### Data

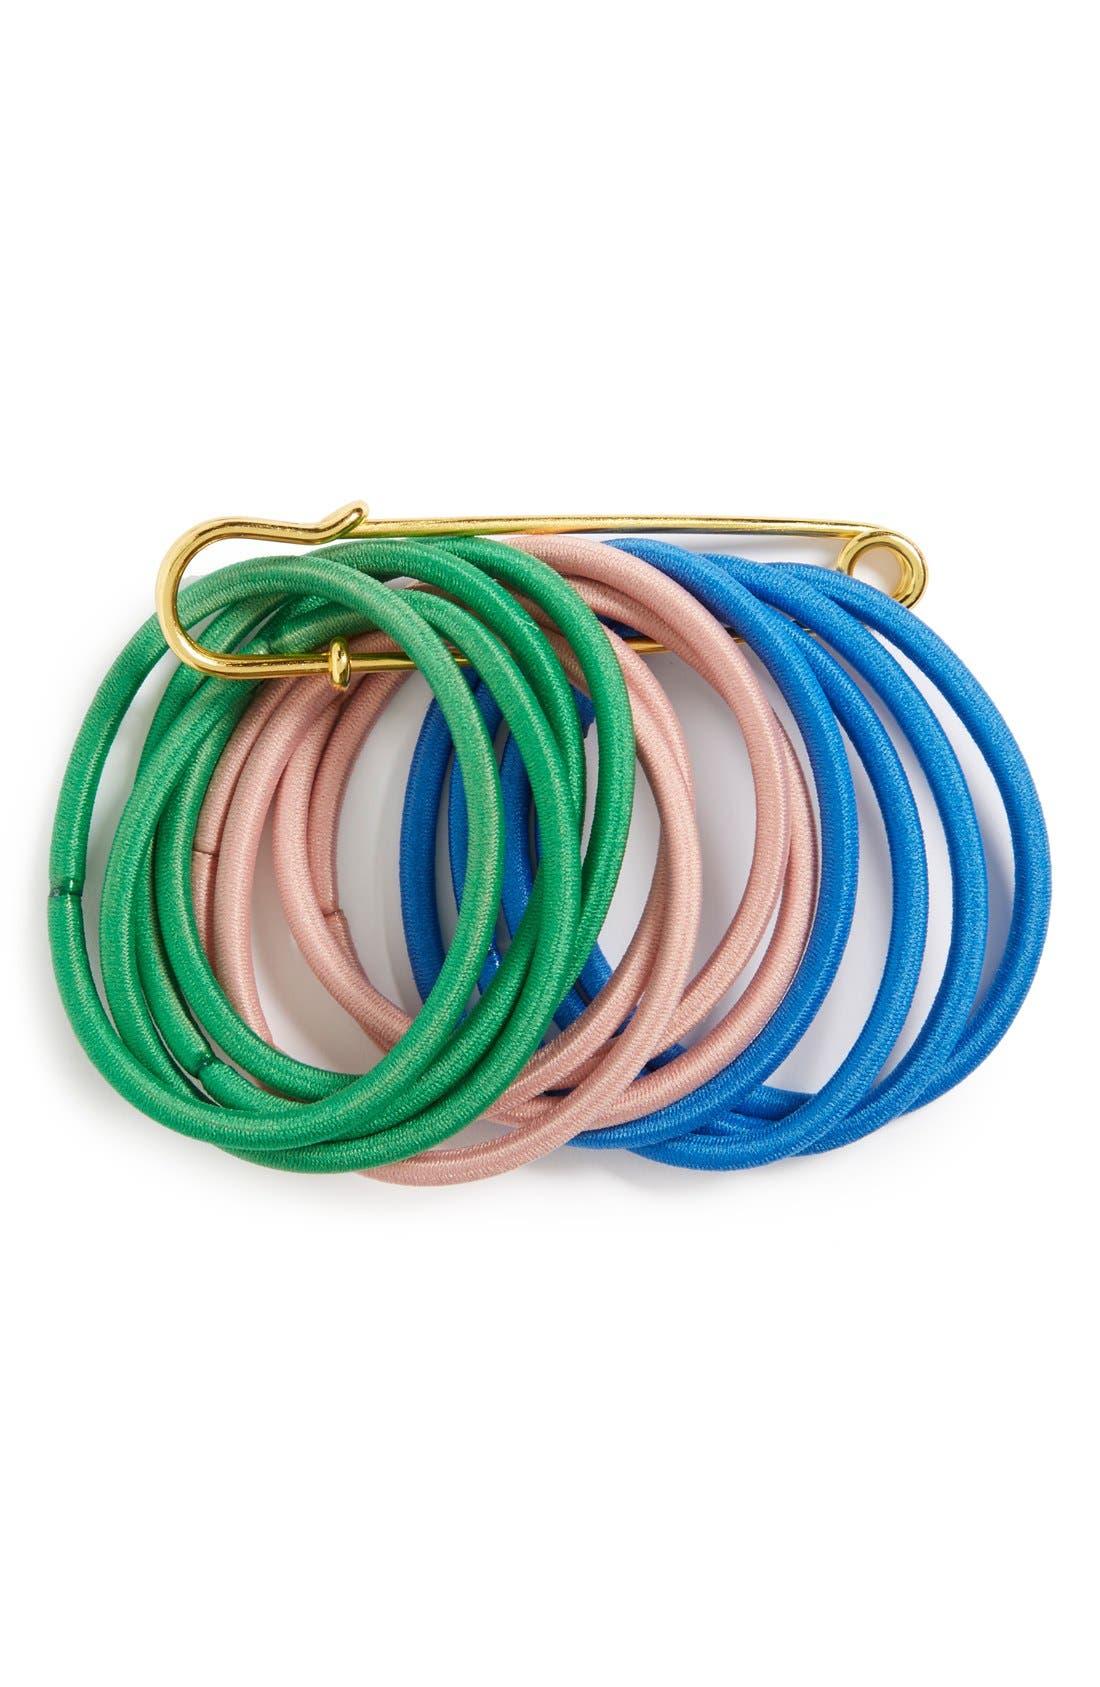 Main Image - Odeme Hair Ties (12-Pack)
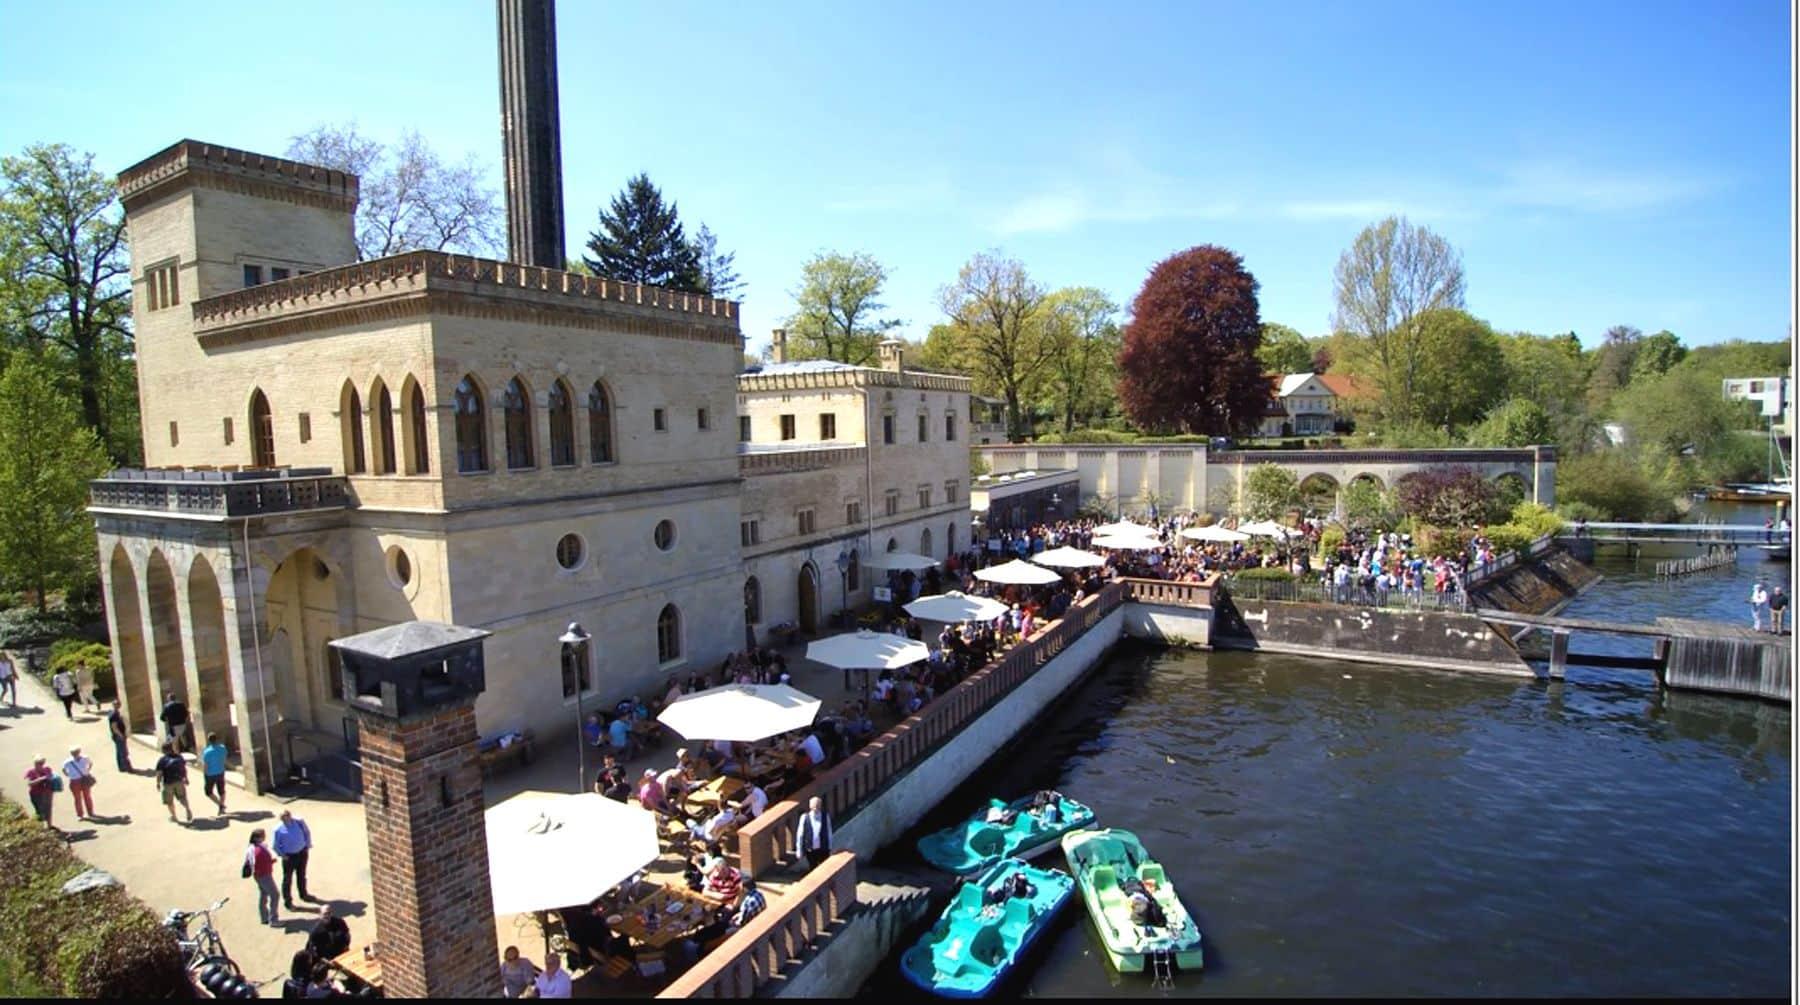 Bilder Des Gasthauses Der Brauerei Meierei Potsdam Meierei Potsdam
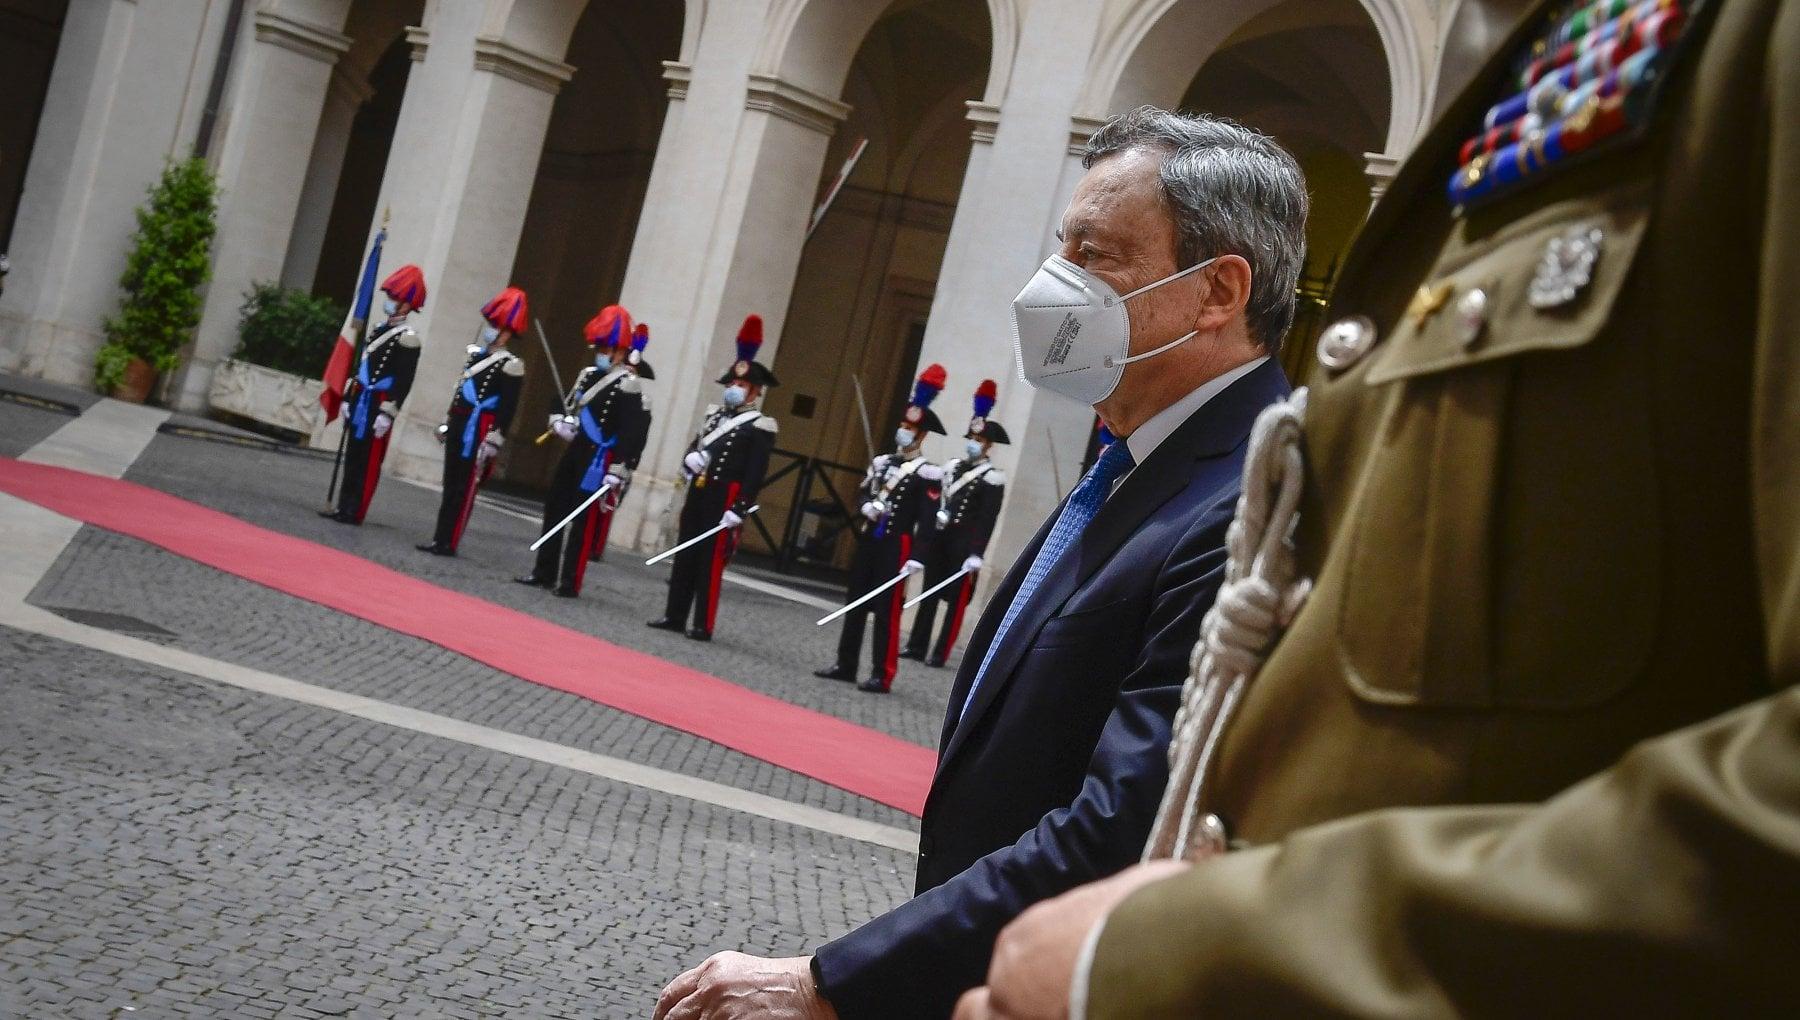 215535507 42f47ead de71 498f 8dc6 4fa9973a458b - Stato d'emergenza, è scontro. Salvini boccia la proroga

######

Exercise prompt:
Exact copy, no pictures: reproduce the whole listing above.

Answer box:
 Main Image - Odeme Hair Ties (12-Pack)
 Bilder Des Gasthauses Der Brauerei Meierei Potsdam Meierei Potsdam
 215535507 42f47ead de71 498f 8dc6 4fa9973a458b - Stato d'emergenza, è scontro. Salvini boccia la proroga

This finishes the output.